A second type of irritant-induced asthma was not so sudden in onset and embodied features differing from RADS. The causative exposure persisted >24 h, was not brief, and asthma took longer to develop, sometimes days or weeks after repeated exposures.
The prevalence of atopy among subjects with the first type (sudden-onset irritant-induced asthma) who were considered to have RADS was 15 of 29 (52%), which though high was not statistically significant. Consistent with our findings is the rate of allergy/atopy reported for clinical facilities evaluating pulmonary patients with asthma Atopic prevalence might well be lower if other populations, such as orthopedic patients, were examined. Our investigation found that allergy/atopy prevalence was not increased among other asthma categories (38% for not occupational/environmental asthma and 9% for asthma due to sensitizer groups). The lower prevalence found for asthma due to an occupational sensitizer is in agreement with reported observations of asthma caused by low molecular weight chemical agents. emergency sepsis
Some subjects with new-onset irritant-induced asthma were actually in remission from a preexisting asthmatic state. Usually the remission had been present for years before the irritant exposure, during which time the person remained asymptomatic and did not require medications. It is reasonable to conclude that the irritant exposure exacerbated asthma in these individuals. We infer that such subjects, if studied prior to the occurrence of the irritant exposure, would manifest distinct pathologic airway changes, nonspecific airways hyperresponsiveness, and/or other biochemical abnormalities.
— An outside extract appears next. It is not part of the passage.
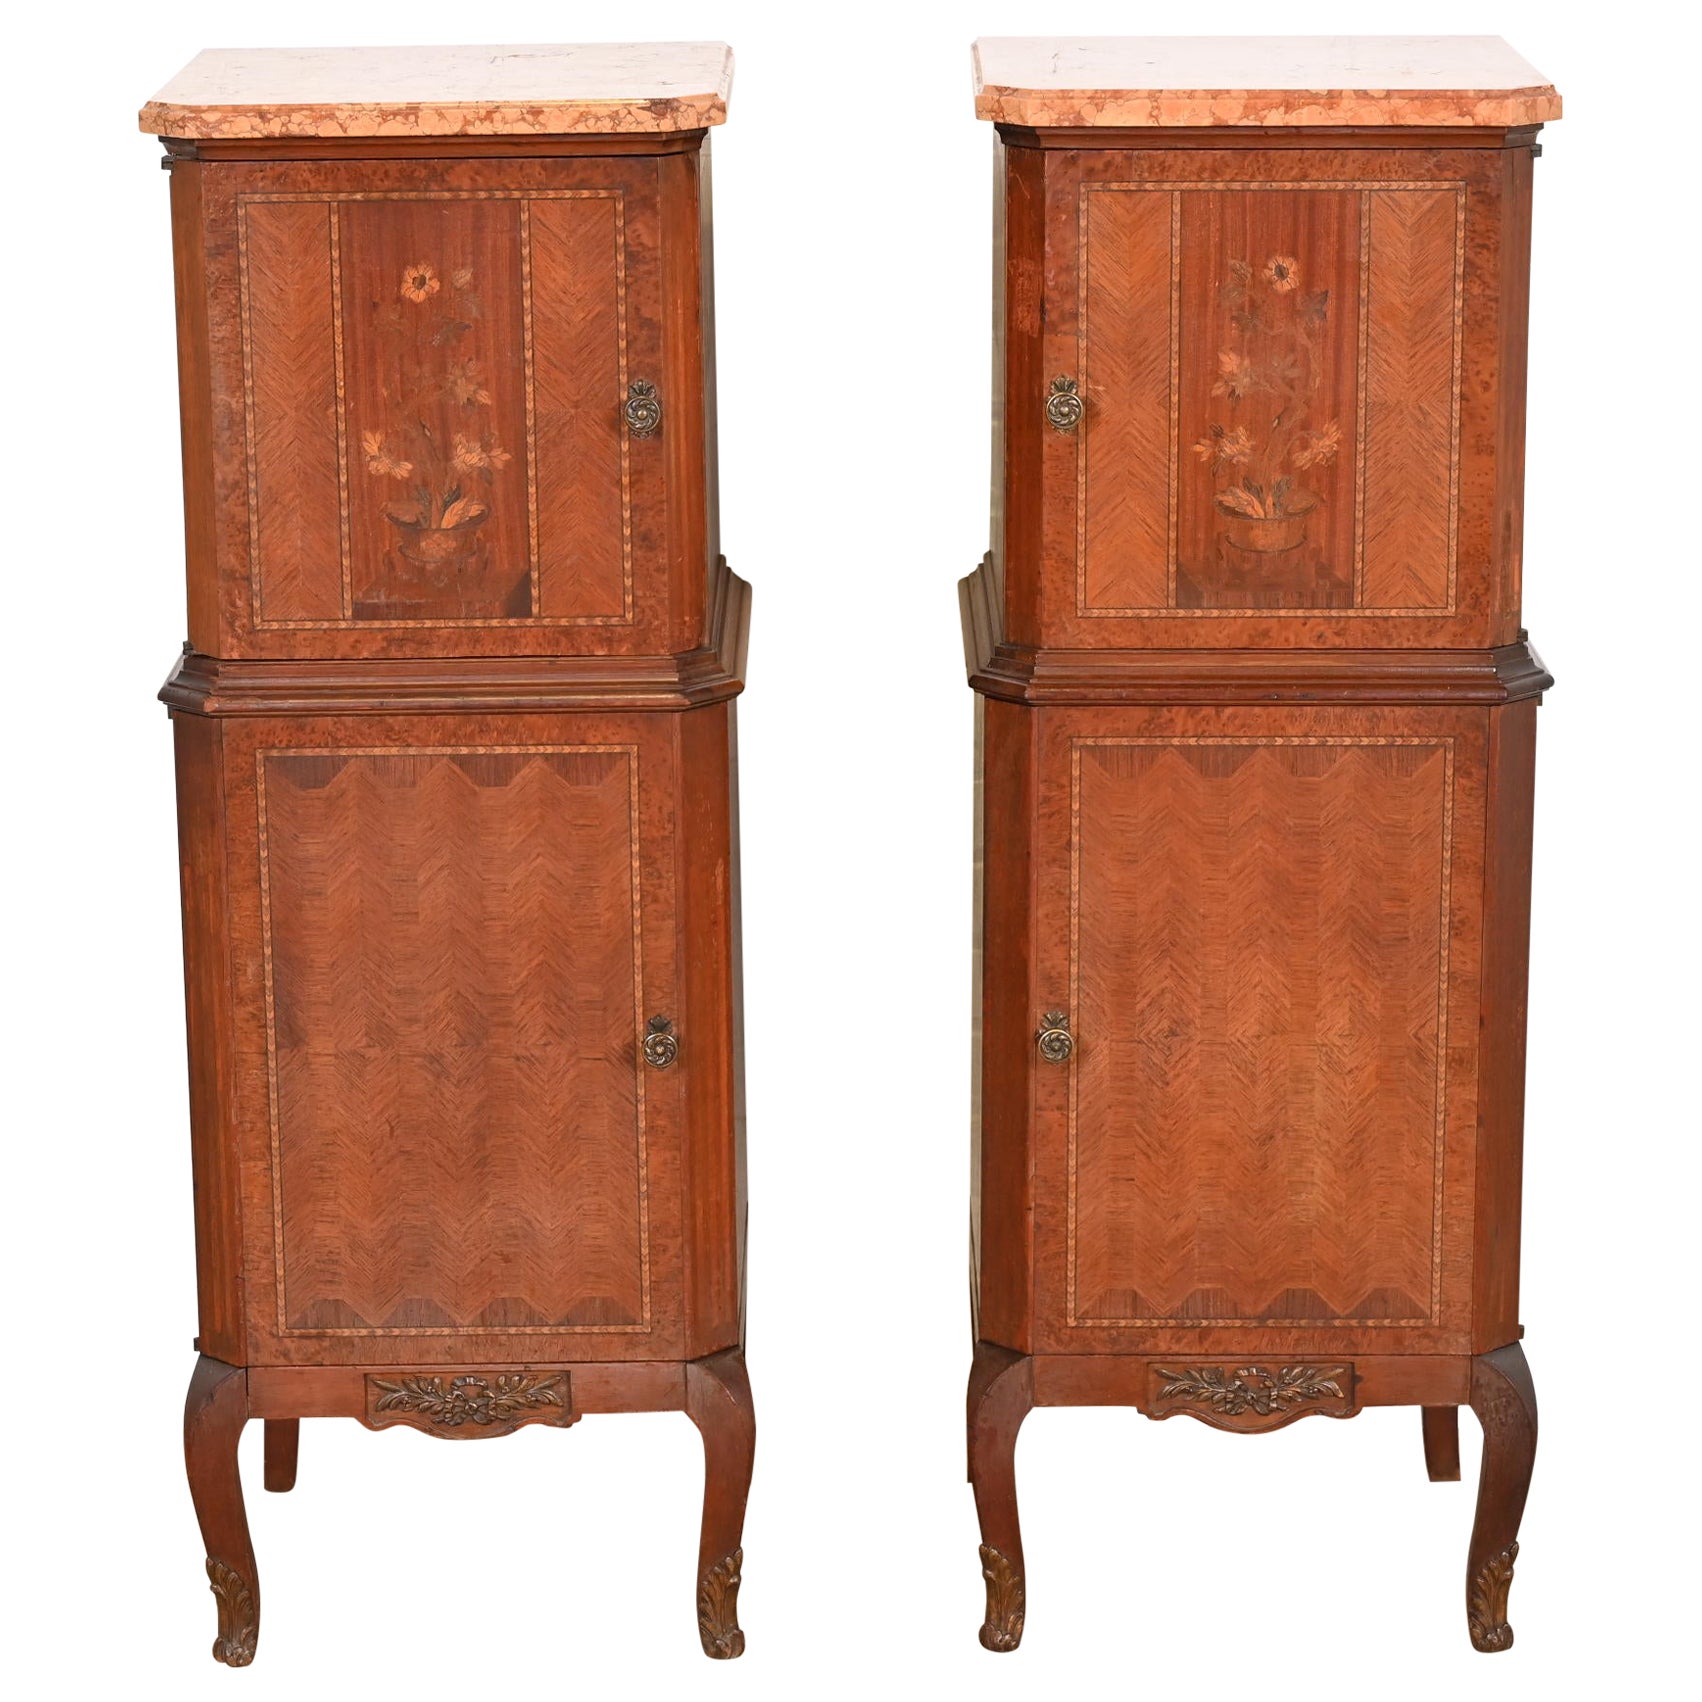 French Louis XV Kingwood Inlaid Marquetry Marble Top Lingerie Chests, Pair For Sale
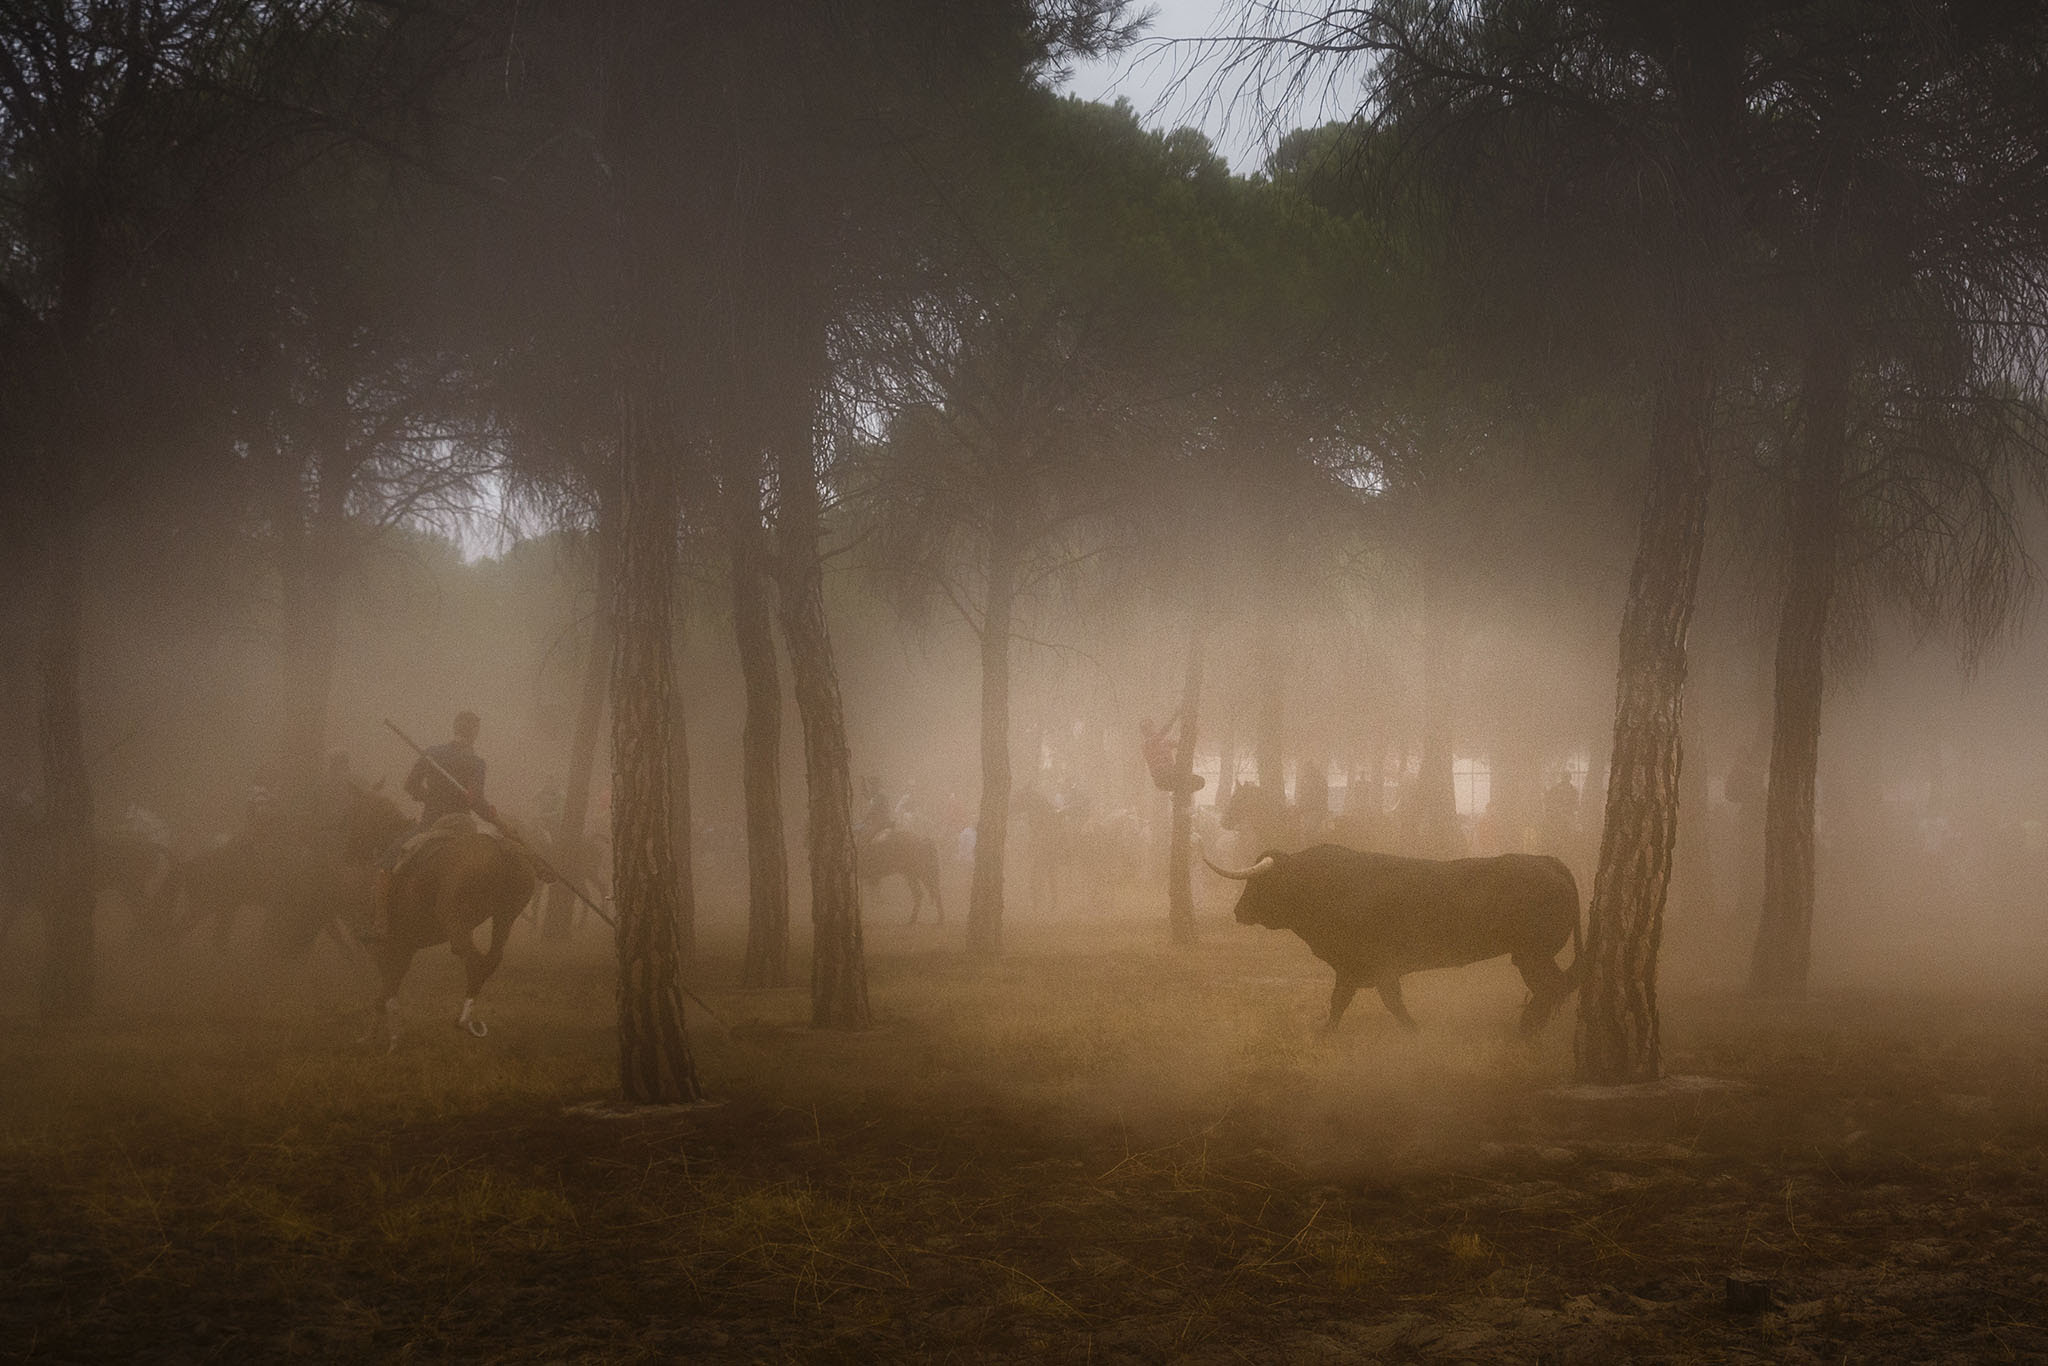 Men on horseback ride trough a pine tree forest chased by a a brave bull in Tordesillas, Spain, Tuesday, Sept. 13, 2016 . Men on horseback and on foot traditionally have chased the bull and speared it in front of thousands of onlookers in what became known as one of Spain's goriest spectacles, but amid increasing protests by animal rights activists the regional government last year banned the killing of bulls at town festivals, though traditional bullfights were not affected. (AP Photo/Daniel Ochoa de Olza)

Persons with a history of asthma who were asymptomatic and considered themselves “normal” might demonstrate respiratory physiologic abnormalities that could become clinically evident as asthma after an irritant exposure. Nonspecific airway hyperresponsiveness has been found to be common among atopic persons with rhinitis, asymptomatic asthmatic subjects, and presumably, some “normal” persons. Individuals in this investigation, with preexisting asthma in remission, who developed a sudden-onset asthma after a high-level irritant exposure, would not be considered to have RADS or to have suffered newly acquired asthma.
For the not-so-sudden asthma cases, it is difficult to explain why a low-level, moderate-irritant exposure would provoke persistent airway inflammation and hyperresponsiveness. These irritant exposures were adjudged not to be of the magnitude described for subjects with RADS and there was a longer onset time (eg, >24 h) because the subjects could tolerate a lower-level exposure.